Take the whole listing and reproduce it exactly, pictures excepted.

### Information supplied
################
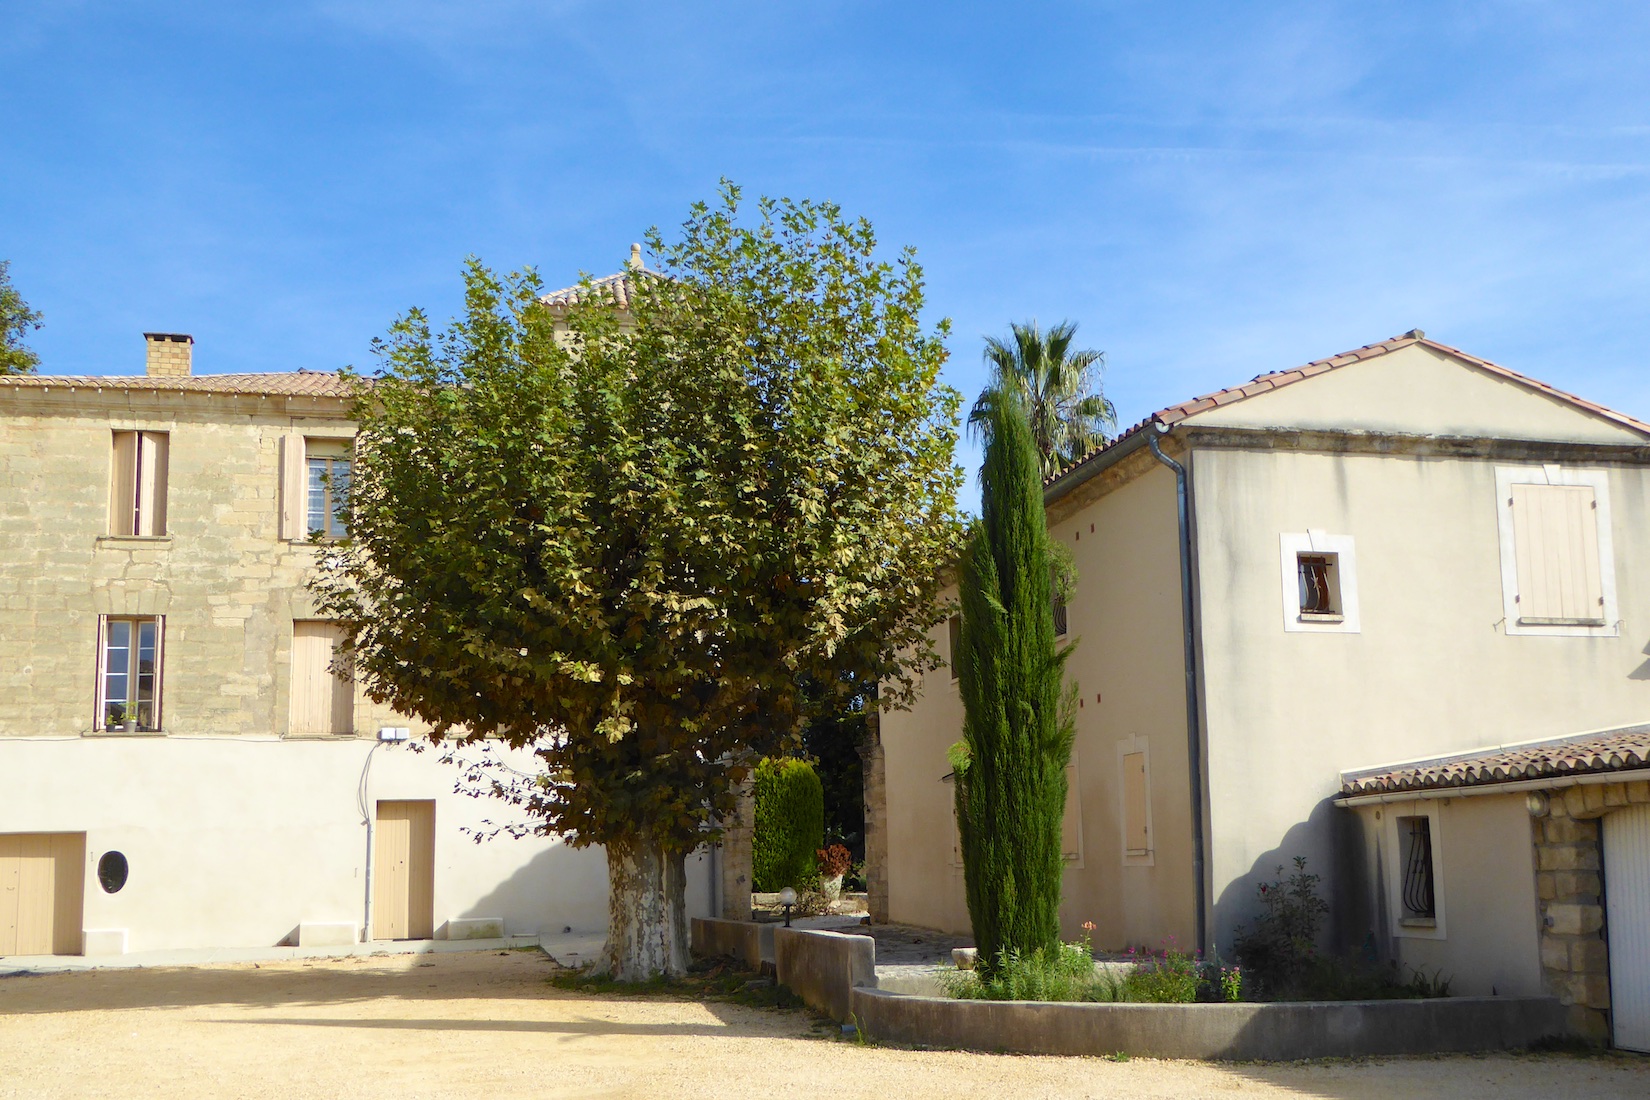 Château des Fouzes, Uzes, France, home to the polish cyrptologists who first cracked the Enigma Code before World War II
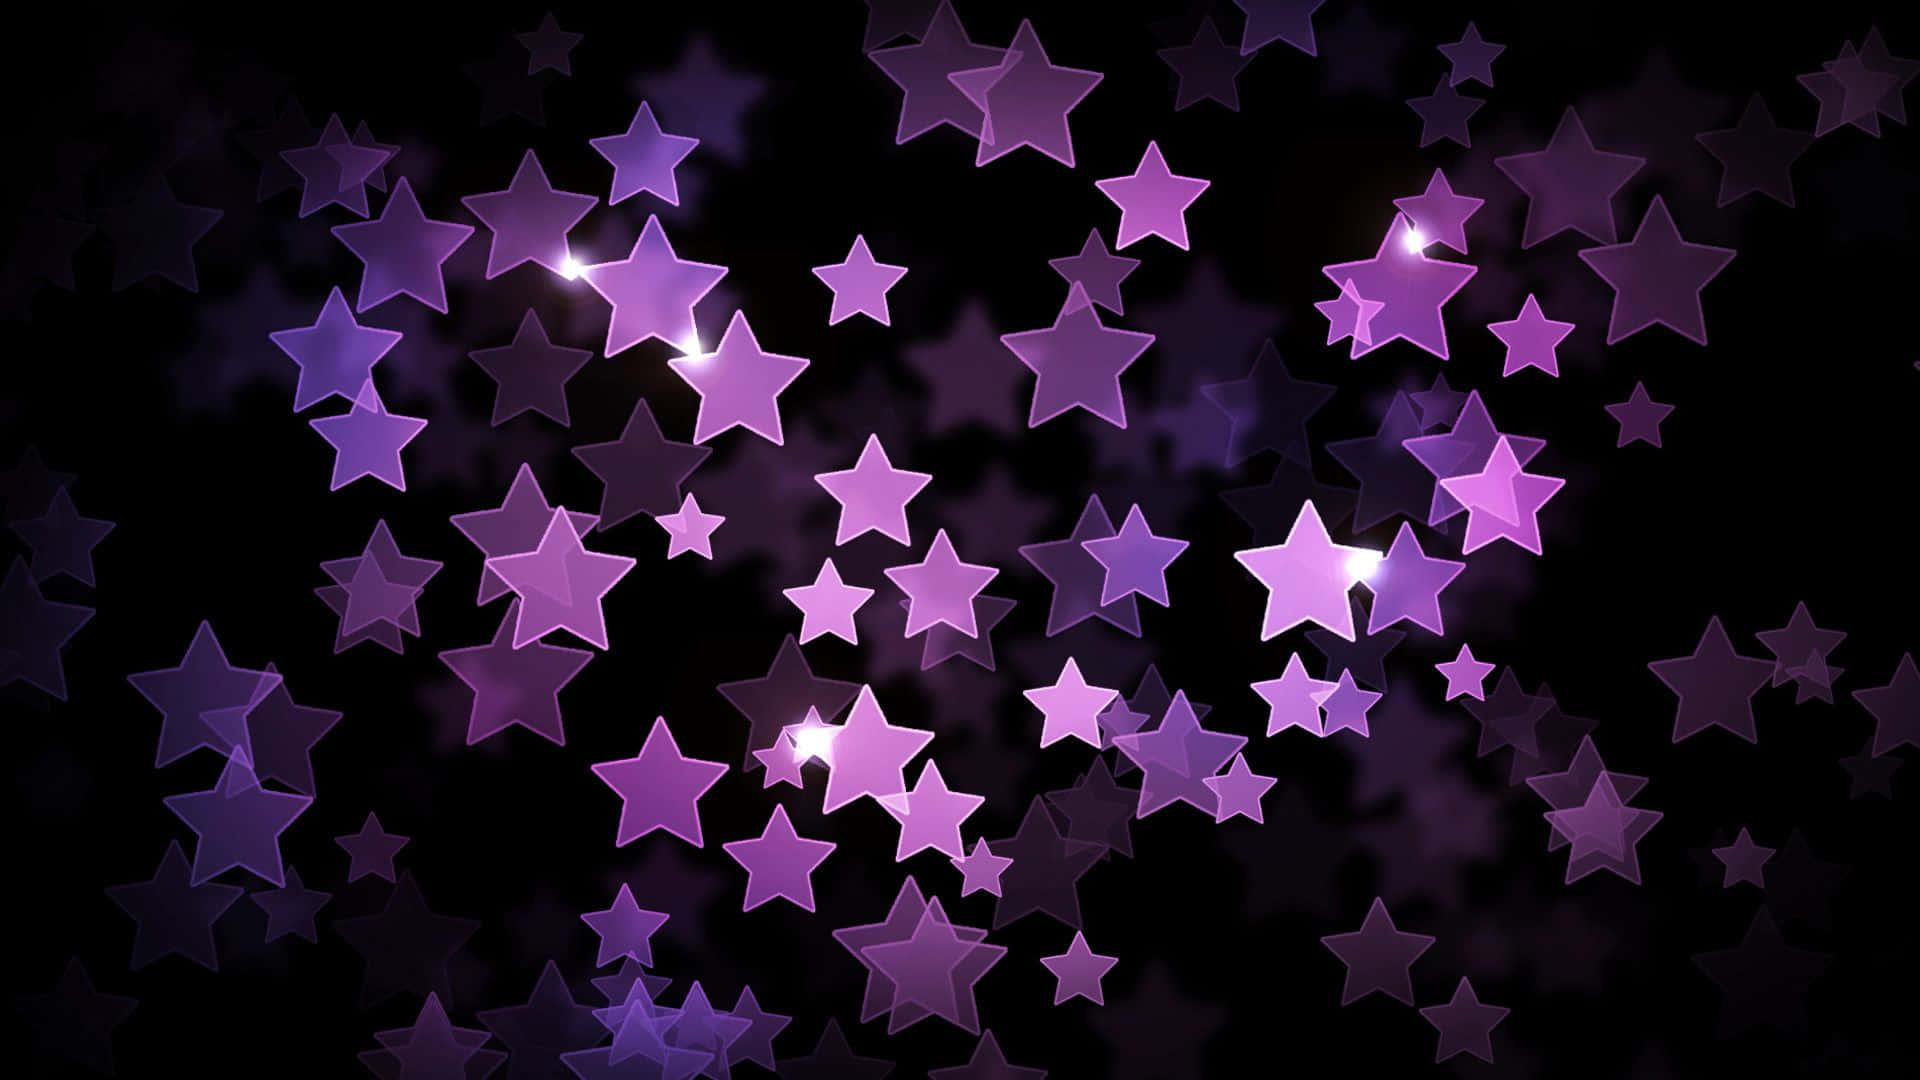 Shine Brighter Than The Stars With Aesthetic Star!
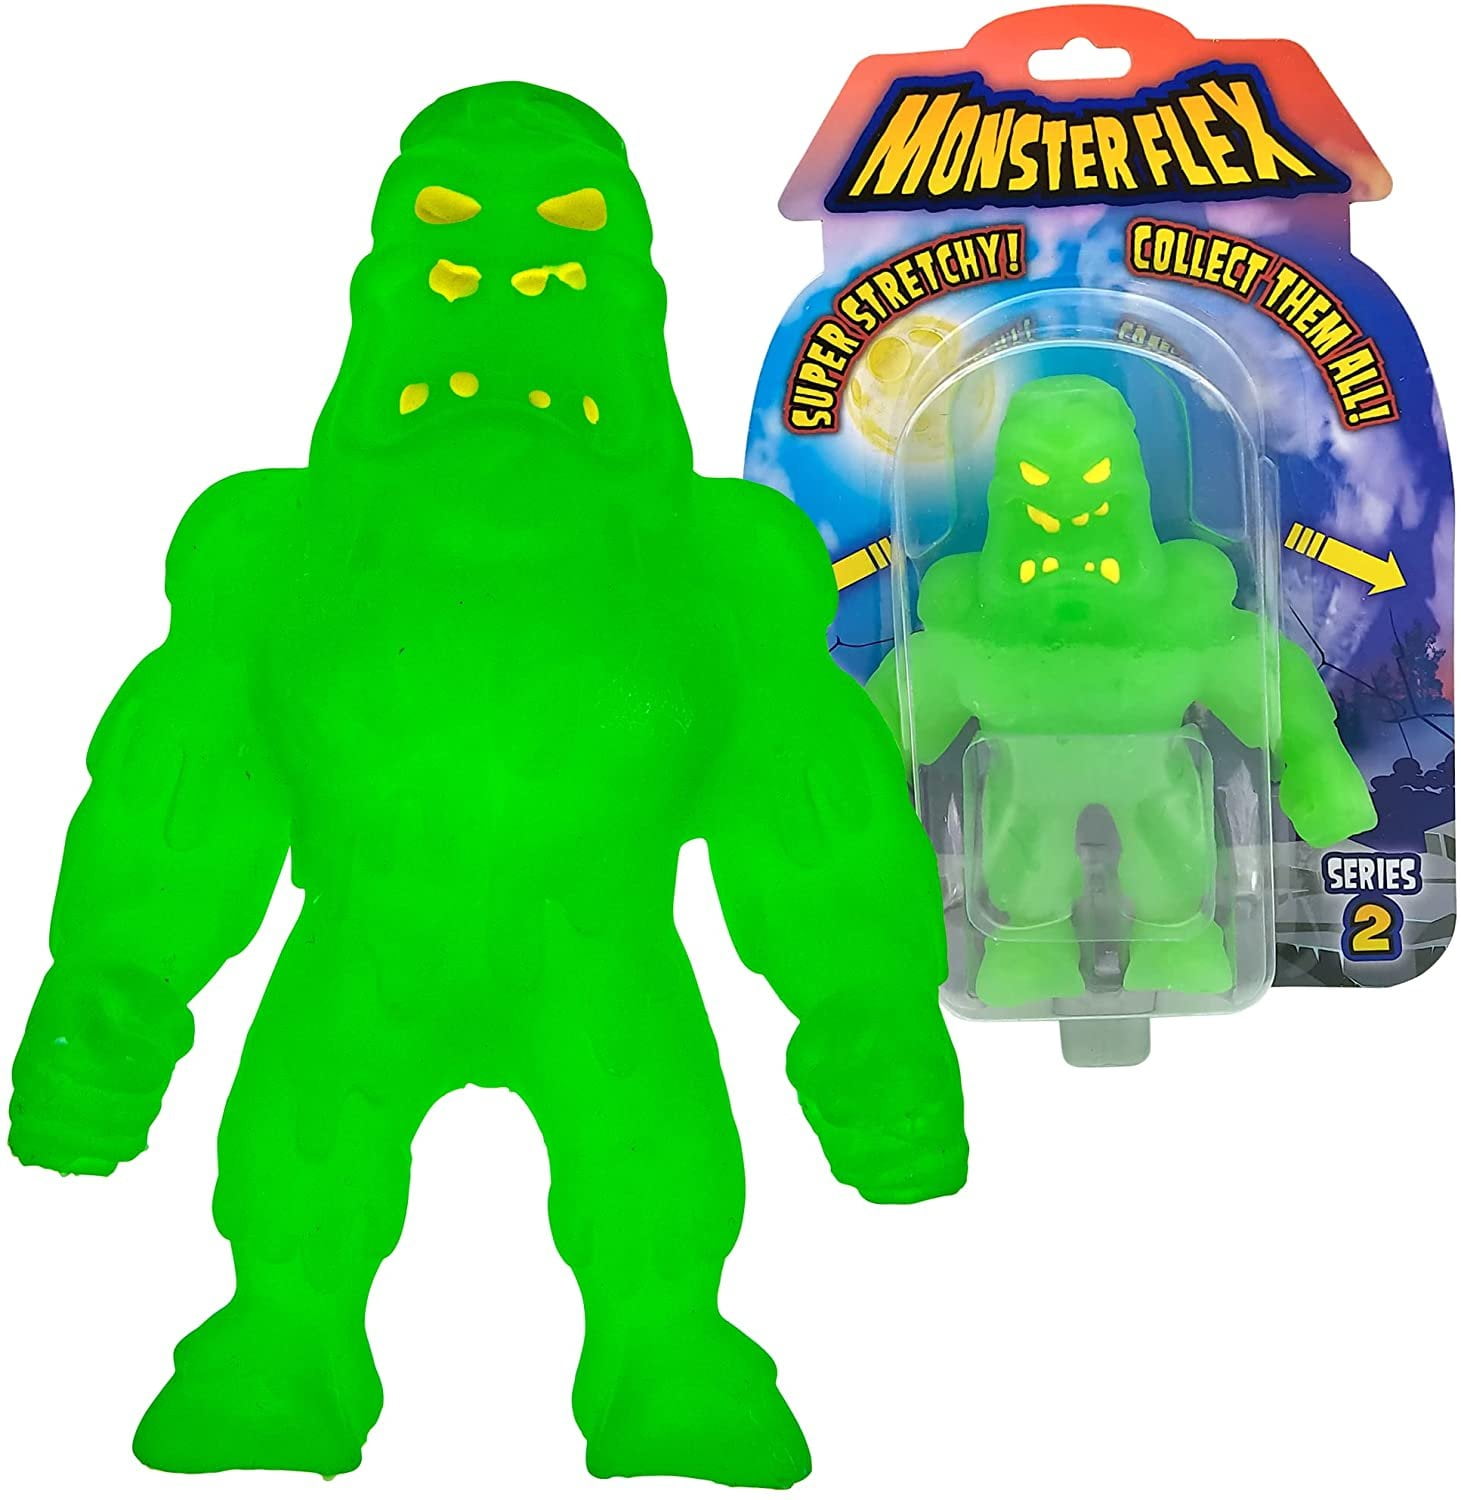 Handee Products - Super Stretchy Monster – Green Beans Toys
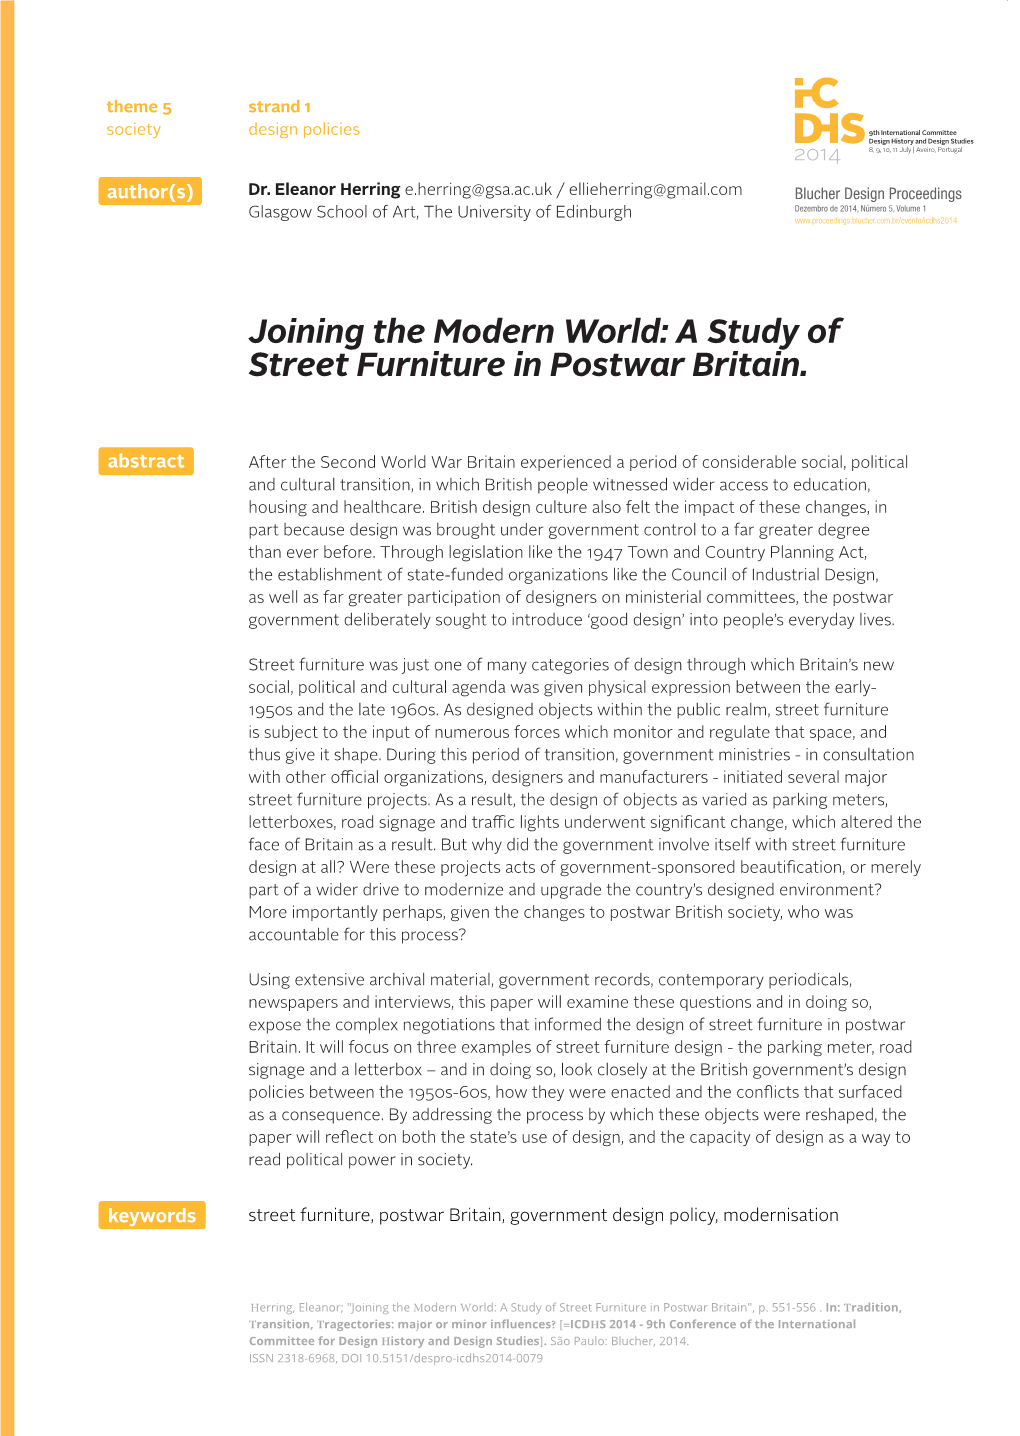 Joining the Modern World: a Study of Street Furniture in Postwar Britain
################
### Exercise output
 Château des Fouzes, Uzes, France, home to the polish cyrptologists who first cracked the Enigma Code before World War II
 Shine Brighter Than The Stars With Aesthetic Star!
 Handee Products - Super Stretchy Monster – Green Beans Toys
 Joining the Modern World: a Study of Street Furniture in Postwar Britain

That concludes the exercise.